» What to produce: In the entries below, go to the line containing "3 -Show graphics" and repeat it along with every later line, exactly.

******************************

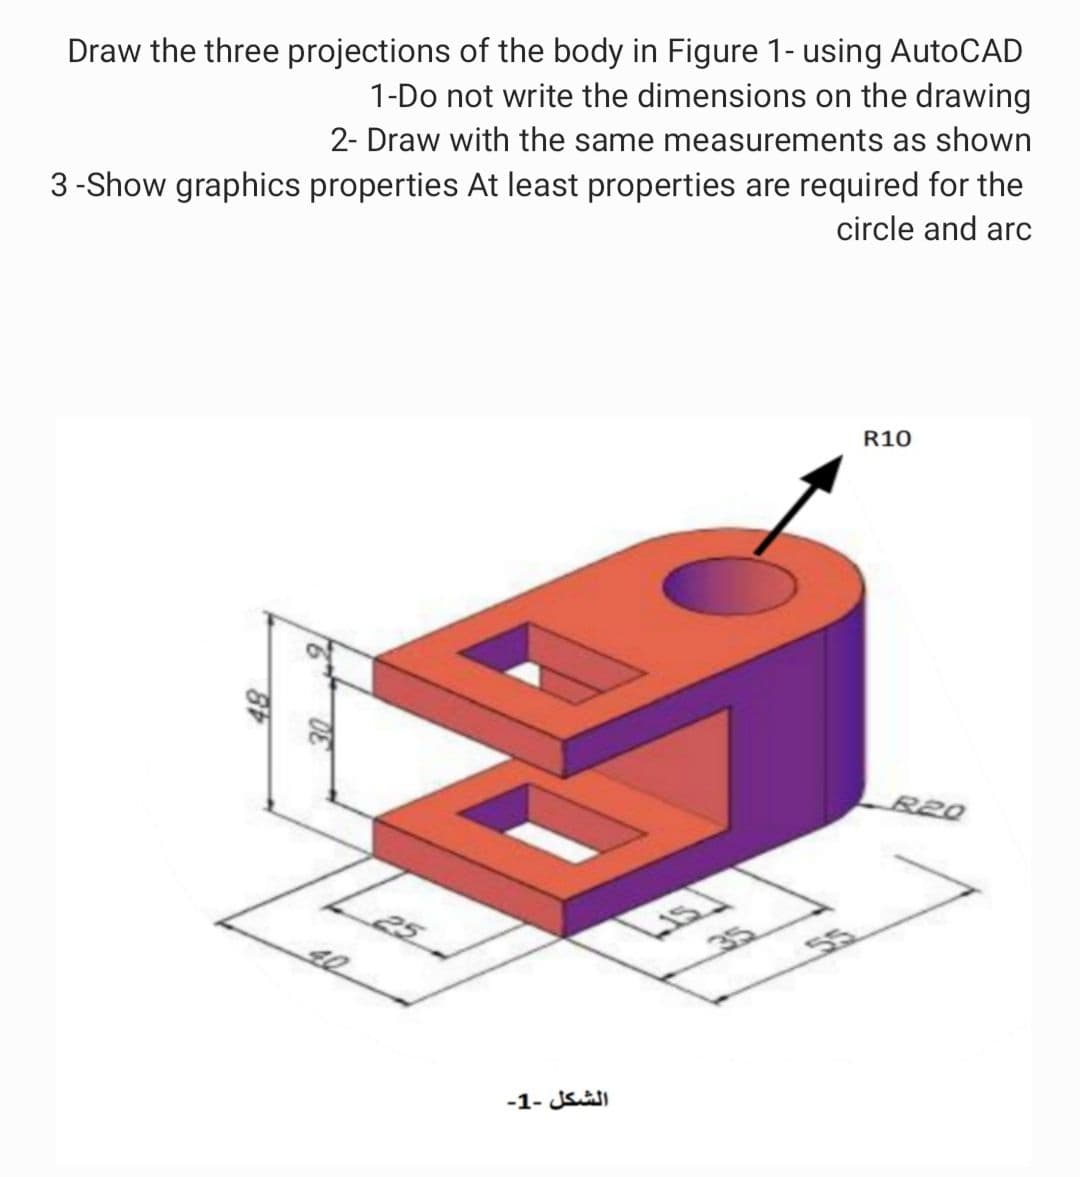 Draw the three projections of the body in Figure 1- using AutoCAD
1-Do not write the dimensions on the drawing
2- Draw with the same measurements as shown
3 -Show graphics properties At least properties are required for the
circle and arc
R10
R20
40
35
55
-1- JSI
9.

******************************

» Output for this task:
3 -Show graphics properties At least properties are required for the
circle and arc
R10
R20
40
35
55
-1- JSI
9.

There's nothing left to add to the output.